You can try the following, if applicable to the changing output:
- Change the test such that you still test what you want, but you avoid the different test outputs.
- Reduce the test verbosity via: `\set VERBOSITY terse`, `SET client_min_messages TO error`, etc
- Drop the specific test lines altogether, if the test is not critical.
- Use utility functions that modify the output to your preference,
like [coordinator_plan](https://github.com/citusdata/citus/blob/main/src/test/regress/sql/multi_test_helpers.sql#L23),
which modifies EXPLAIN output
- Add [a normalization rule](https://github.com/citusdata/citus/blob/main/ci/README.md#normalize_expectedsh)

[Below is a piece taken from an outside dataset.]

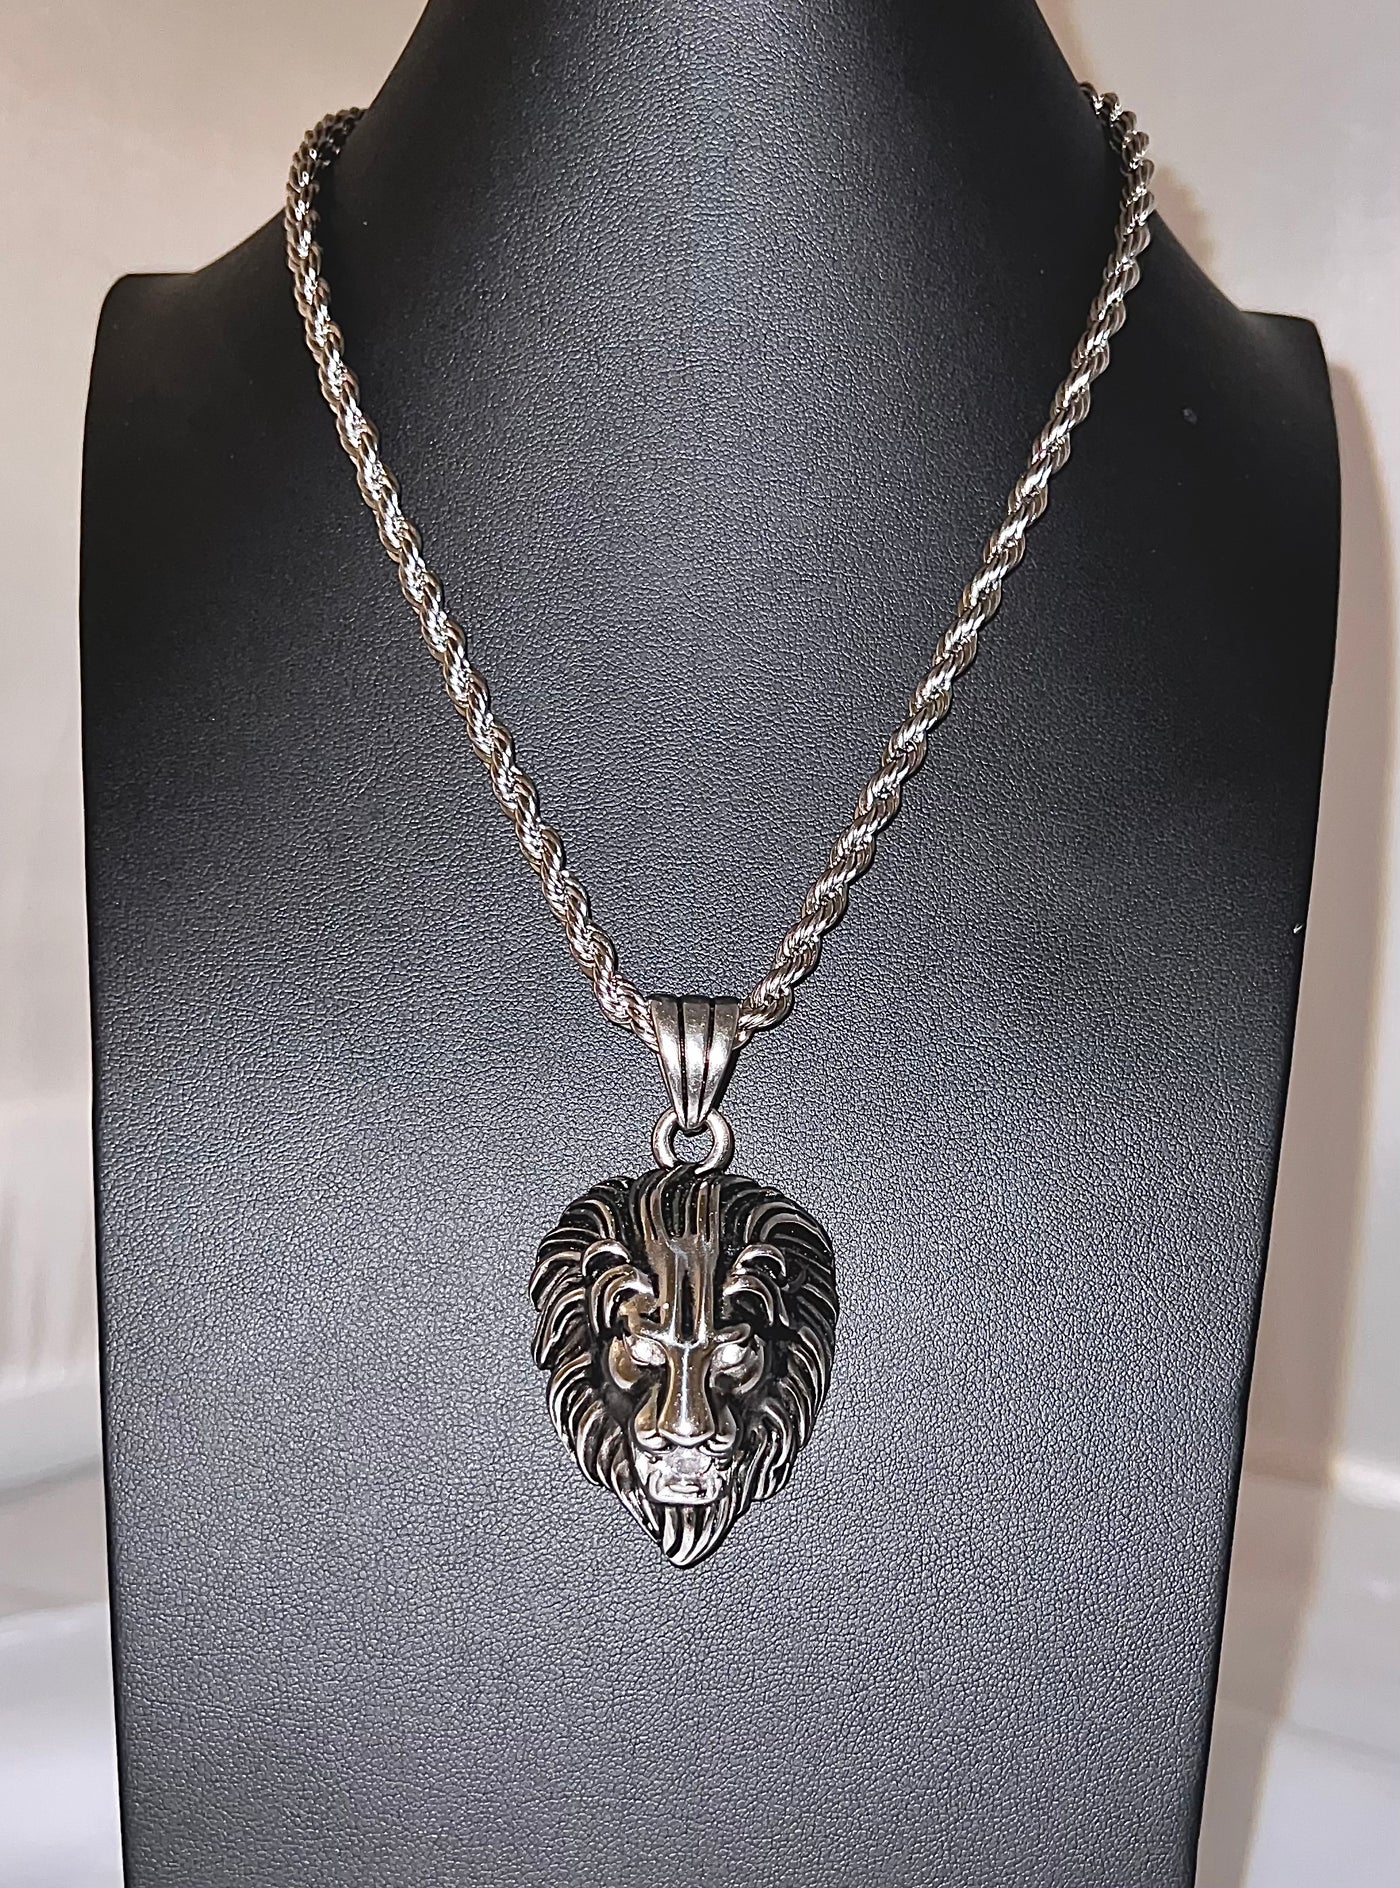 Silver Lion necklace and pendant made of stainless steel - Brent's Bling
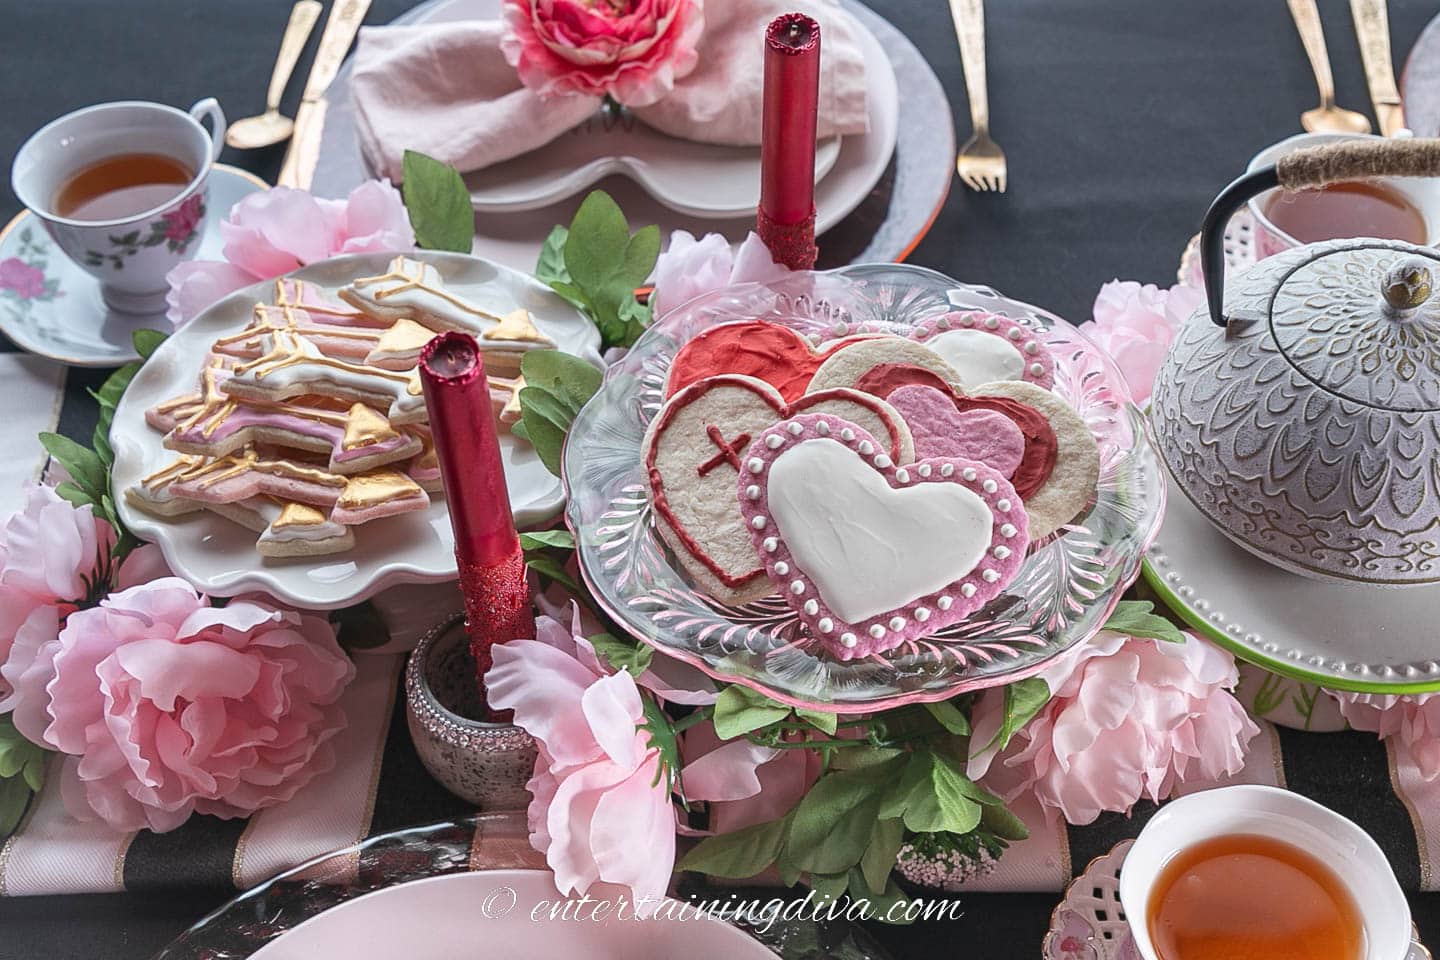 A Valentine tea party centerpiece with heart sugar cookies, candles, faux flowers and a tea pot

Alternative test output files are highly discouraged, so only add one when strictly necessary.
In order to maintain a clean test suite, make sure to explain why it has an alternative
output in the test header, and when we can drop the alternative output file in the future.

For example:

```sql
--
-- MULTI_INSERT_SELECT
--
-- This test file has an alternative output because of the change in the
-- display of SQL-standard function's arguments in INSERT/SELECT in PG15.
-- The alternative output can be deleted when we drop support for PG14
--
```
Including important keywords, like "PG14", "PG15", "alternative output" will
help cleaning up in the future.

## Randomly failing tests

In CI sometimes a test fails randomly, we call these tests "flaky". To fix these
flaky tests see [`src/test/regress/flaky_tests.md`](https://github.com/citusdata/citus/blob/main/src/test/regress/flaky_tests.md)

# Regression test best practices

* Instead of connecting to different nodes to check catalog tables, should use `run_command_on_all_nodes()` because it's faster than keep disconnecting / connecting to different nodes.

* Tests should **define functions** for repetitive actions, e.g., by wrapping usual queries used to check catalog tables.
  If the function is presumed to be used by other tests in future, then the function needs to defined in `multi_test_helpers.sql`.

* If you're adding a new file, consider using `src/test/regress/bin/create_test.py your_new_test_name` to create the file. Or if you want to manually create it, make sure that your test file creates a schema and that it drops the schema at the end of the test to make sure that it doesn't leak any objects behind. See which lines `src/test/regress/bin/create_test.py` adds to the test file to understand what you need to do.

  For the object that are not bound to a schema, make sure to drop them at the end of the test too, such as databases and roles.